The velocity for half the distance = $x$ km/h.

So, Time taken to cross the first half = $\frac{\frac{12}{2}}{x}$ hours.

The velocity for the other half = $x + 2$ km/h.

So, Time taken to cross the rest = $\frac{\frac{12}{2}}{x + 2}$ hours.

And, $2$ hours and $30$ minutes = $2 \frac{1}{2}$ hours.

So, On with the equation.

$\textcolor{w h i t e}{\times x} \frac{\frac{12}{2}}{x} + \frac{\frac{12}{2}}{x + 2} = 2 \frac{1}{2}$

$\Rightarrow \frac{6}{x} + \frac{6}{x + 2} = \frac{5}{2}$

$\Rightarrow 6 \left(\frac{1}{x} + \frac{1}{x + 2}\right) = \frac{5}{2}$ [Taking the 6 as common part]

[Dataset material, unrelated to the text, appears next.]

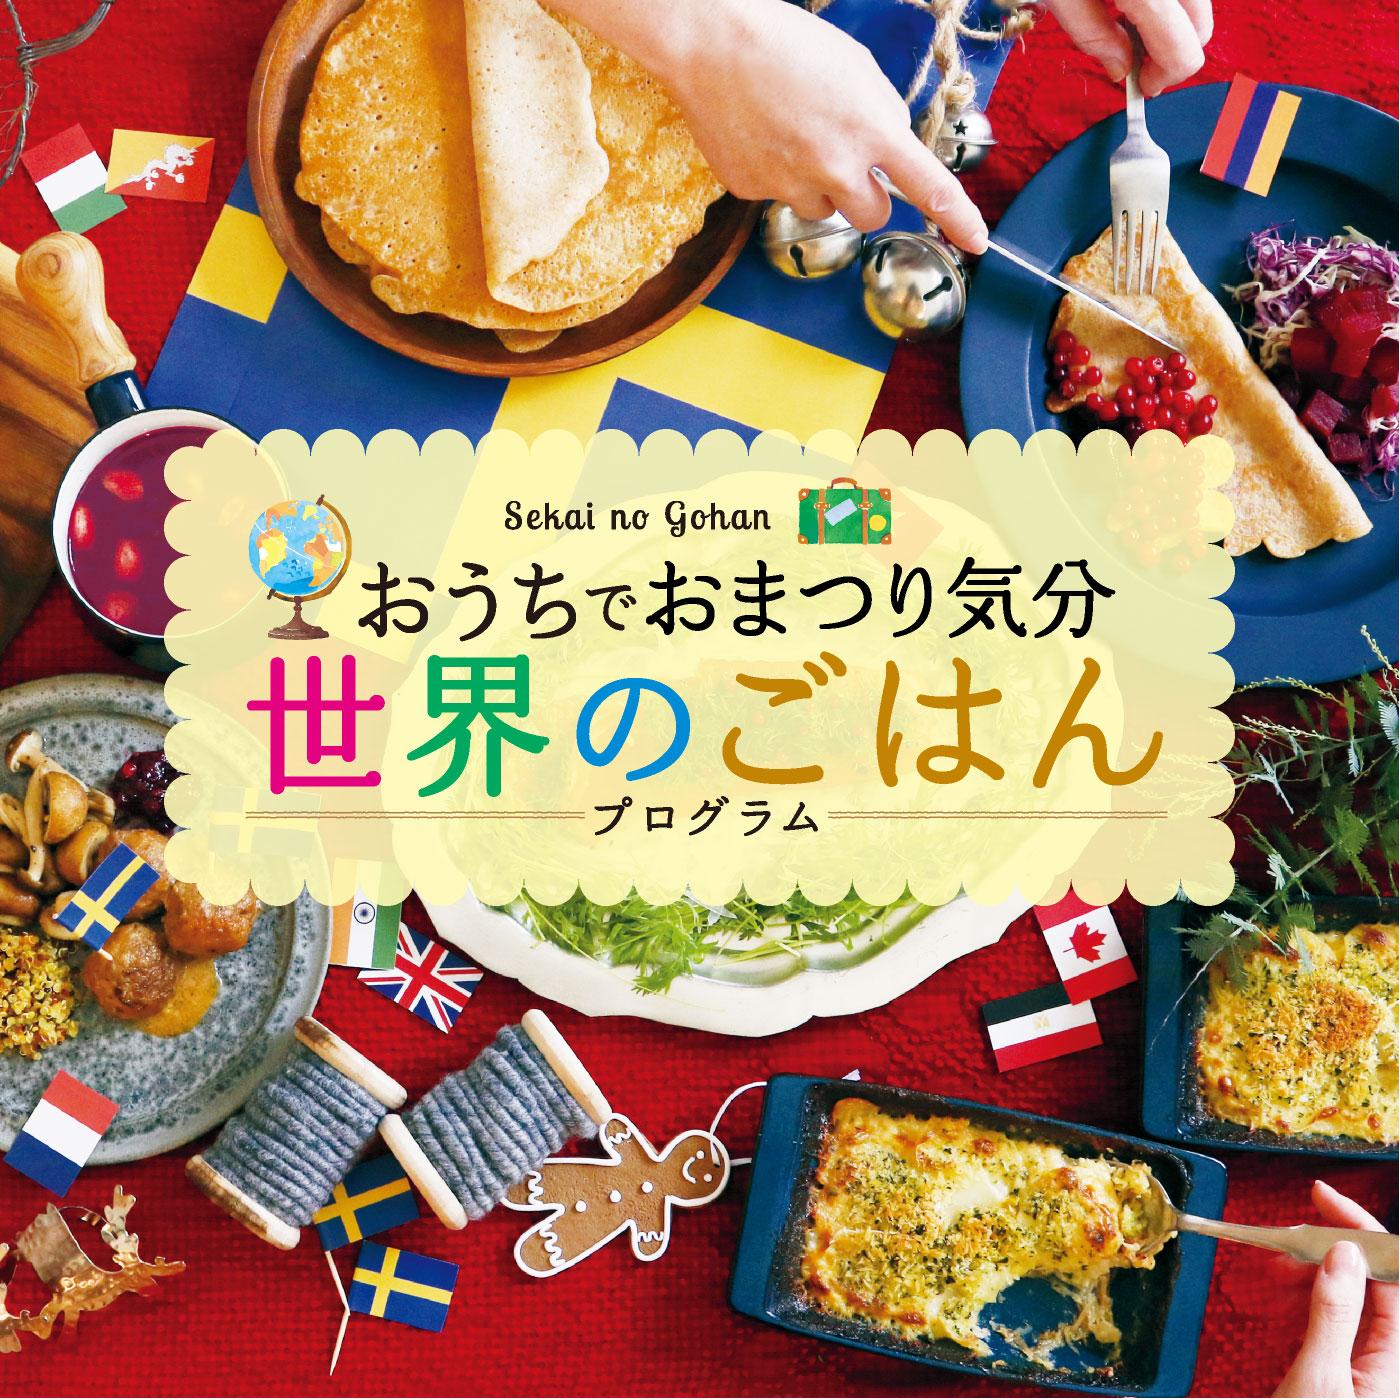 旅行気分で楽しめる世界のごはんプログラム。毎月レパートリーも増えるから、いざというときもあわてず、みんなが喜ぶ料理が作れるようになります!

$\Rightarrow \frac{\left(x + 2\right) + x}{x \left(x + 2\right)} = \frac{5}{2} \cdot \frac{1}{6}$ [Transposed the 6]

$\Rightarrow \frac{x + 2 + x}{{x}^{2} + 2 x} = \frac{5}{12}$

$\Rightarrow \frac{2 x + 2}{{x}^{2} + 2 x} = \frac{5}{12}$ [Simplified using L.C.M]

$\Rightarrow 24 x + 24 = 5 {x}^{2} + 10 x$ [Cross multiplication]

$\Rightarrow 5 {x}^{2} + 10 x - 24 x - 24 = 0$ [Transposing everything to a side of the equation]

$\Rightarrow 5 {x}^{2} - 14 x - 24 = 0$

Now, Use The Sridhar Acharya's Rule or Quadratic Formula to solve this.

And, Don't forget to check the Discriminant first.

$D = {b}^{2} - 4 a c = {\left(- 14\right)}^{2} - 4 \cdot 5 \cdot \left(- 24\right) = 196 + 480 = 676 > 0$

So, Definitely There are two real solutions for $x$ and both are distinct.

Now first solution for $x$ = $\frac{- b + \sqrt{D}}{2 a} = \frac{- \left(- 14\right) + \sqrt{676}}{2 \cdot 5}$

$\textcolor{w h i t e}{\times \times \times \times \times \times \times} = \frac{14 + 26}{10} = \frac{40}{10} = 4$

Now, The second solution for $x$

= $\frac{- b - \sqrt{D}}{2 a} = \frac{- \left(- 14\right) - \sqrt{676}}{2 \cdot 5}$

$\textcolor{w h i t e}{\times \times \times \times \times \times \times} = \frac{14 - 26}{10} = - \frac{12}{10} = - 1.2$

So, $x = 4 , - 1.2$.

But speed can't be negative in any circumstances as distance travelled can't be negative.

So, $x = 4$ is the legitimate value.